Demanding that a newspaper print the truth

This action was brought against the daily New York newspaper Newsday to compel them to print all the relevant facts concerning an alleged political scandal, rather than merely those facts chosen by its editorial staff. The action was not a conventional libel or defamation claim and it did not seek money damages. It was an equity action asking the Court to:

“Direct Newsday, Inc. the parent corporation of the New York daily newspaper, Newsday, to immediately publish a full fair and complete statement of the nature of Yannacone’s relationship with the Brookhaven Town Council on the Arts, the Recording Industry Music Performance Trust Funds, the Associated Musicians of Greater New York (Local 802 of the American Federation of Musicians of the United States and Canada), and the Town of Brookhaven according the full and complete public disclosure made by the Yannacone under oath on April 25 and May 2, 1968 utilizing the same type style and size and substantially the same format as that utilized in publishing the defamatory material contained in the May 6, 1968 issue of Newsday.”

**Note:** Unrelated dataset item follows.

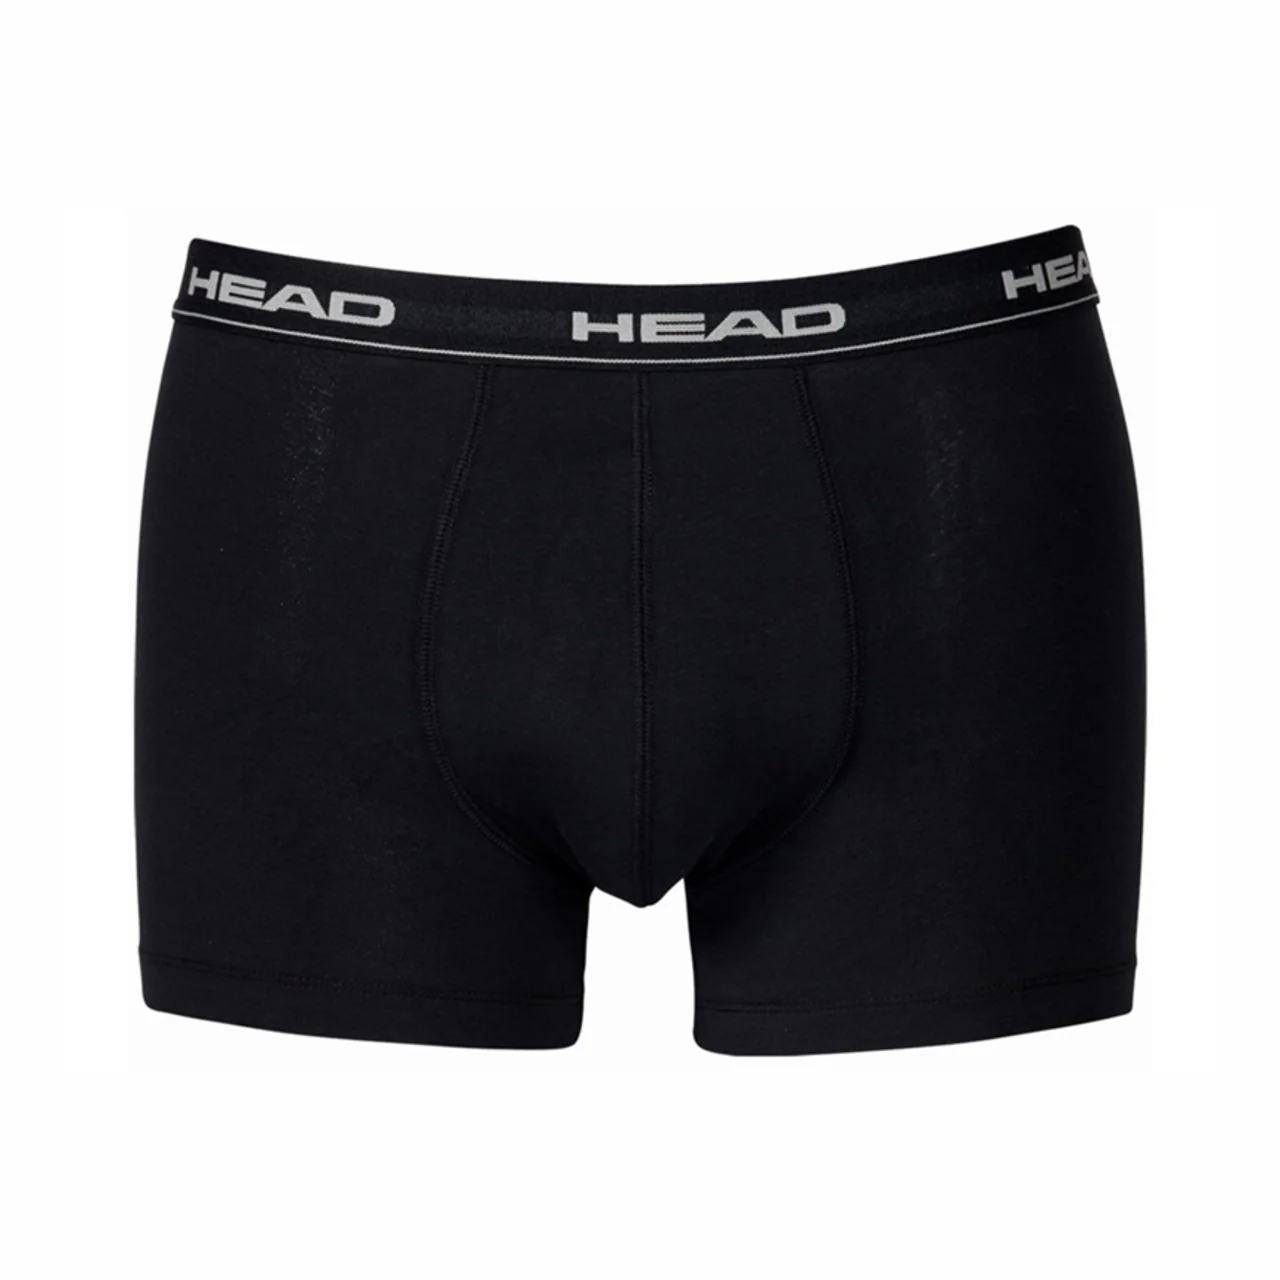 Head Boxer Black 2-pack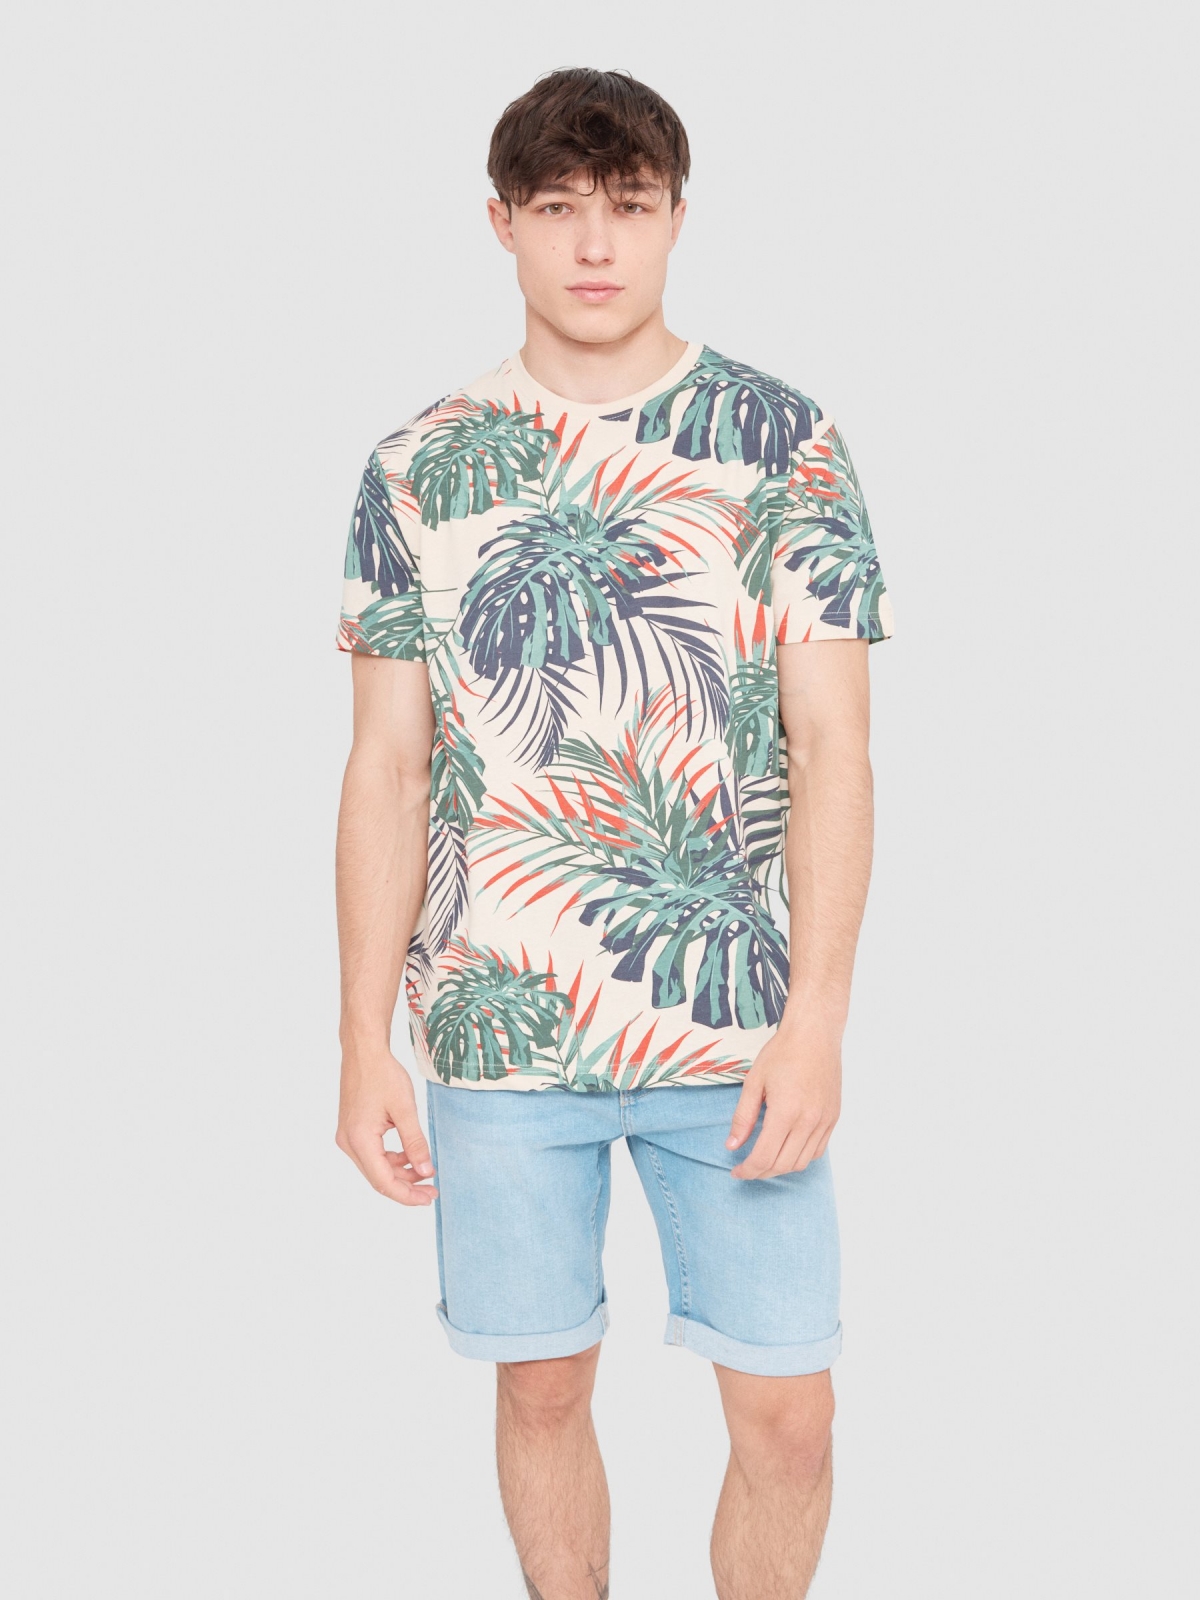 Camiseta tropical hojas arena vista media frontal

At stake was the future of the Brookhaven Town Council on the Arts, the first municipal arts council and United States, and the Brookhaven Town Symphony Orchestra, the first wholly municipal Symphony Orchestra in the United States. This was also the first effort by the Music Performance Trust Funds of the Recording Industry to bring free concerts to rural ad suburban areas outside the New York City limits.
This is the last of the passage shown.